Thursday, June 17, 2010

Drive through Difference....sort of

Tuesday night Chara and I went to Target to get a couple of groceries, only to get to the check out and find out that I forgot my debit card in my jeans pocket at home. So, hoping that it would work, I wrote a check...because as you know those things are all scanned now too. It didn't and they needed to see my ID/driver's license which happened to be in the same pocket as my card. The cashier was gracious but didn't have anyway to override that. She kept trying to offer suggestions..."Maybe you could call your husband."
"I'm not married."
She kept trying to push buttons and think of something else to do...she asked the cashier in the line next to us, who didn't think that there was anything that could be done. The manager then came and couldn't help us either.
All the while there was a man waiting in line behind us, with three girls...all early teens. He had a look of annoyance on his face when he got in line, so I was trying my best to think of options quickly so that he could get through the line and be finished.
The cashier was still trying to offer suggestions...
Finally the man behind us interrupted and asked how much the total was...around 80 bucks. He then proceeded to say that he would pay for it! I was in shock..I think I asked him if he was sure and he said yes. The employees told me that all I really needed was a driver's license number and said it might work if he just gave his and he replied that he wanted to just pay. I immediately burst into tears. This man didn't even know me except that I was a single-mom trying to get a few groceries. I thanked him over and over again and he said to just make sure I do the same thing for someone else one day. I think I said something to the effect of, "Of course I will."

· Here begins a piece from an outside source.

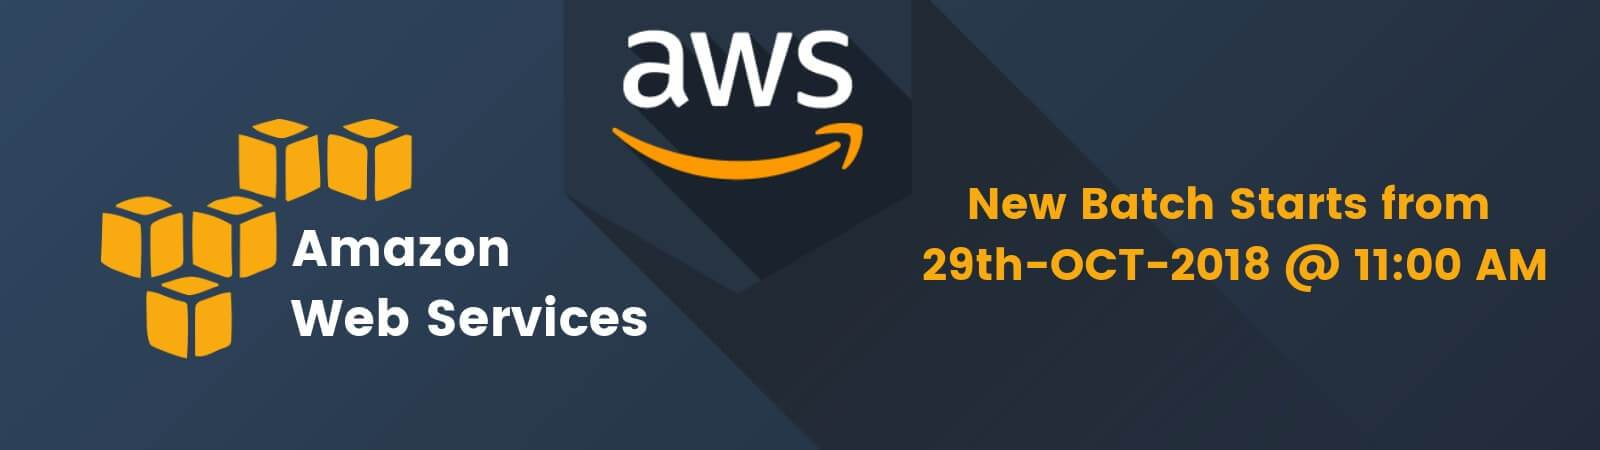 AWS New Batch 29th-OCT-2018 Banner

When we were walking away I wanted to show some sort of appreciation for what he had done for me. I ended up saying Happy Father's Day...seems pretty small despite what he did for me. He seemed to genuinely appreciate it, but still it felt like such a small gesture.
That one swipe of his credit card made my week, heck maybe even my month!
His generosity has motivated me to be more focused and aware of how I treat others. Not just strangers at the store, but Chara and the residents I work with.
I'm also taking it as a gesture that God is thinking about me and wanted me to know that He loves me.
So, please be on the lookout for some small way that you can make a difference in the lives of those around you. It may be just what they need to know that they are valuable and worth living this life!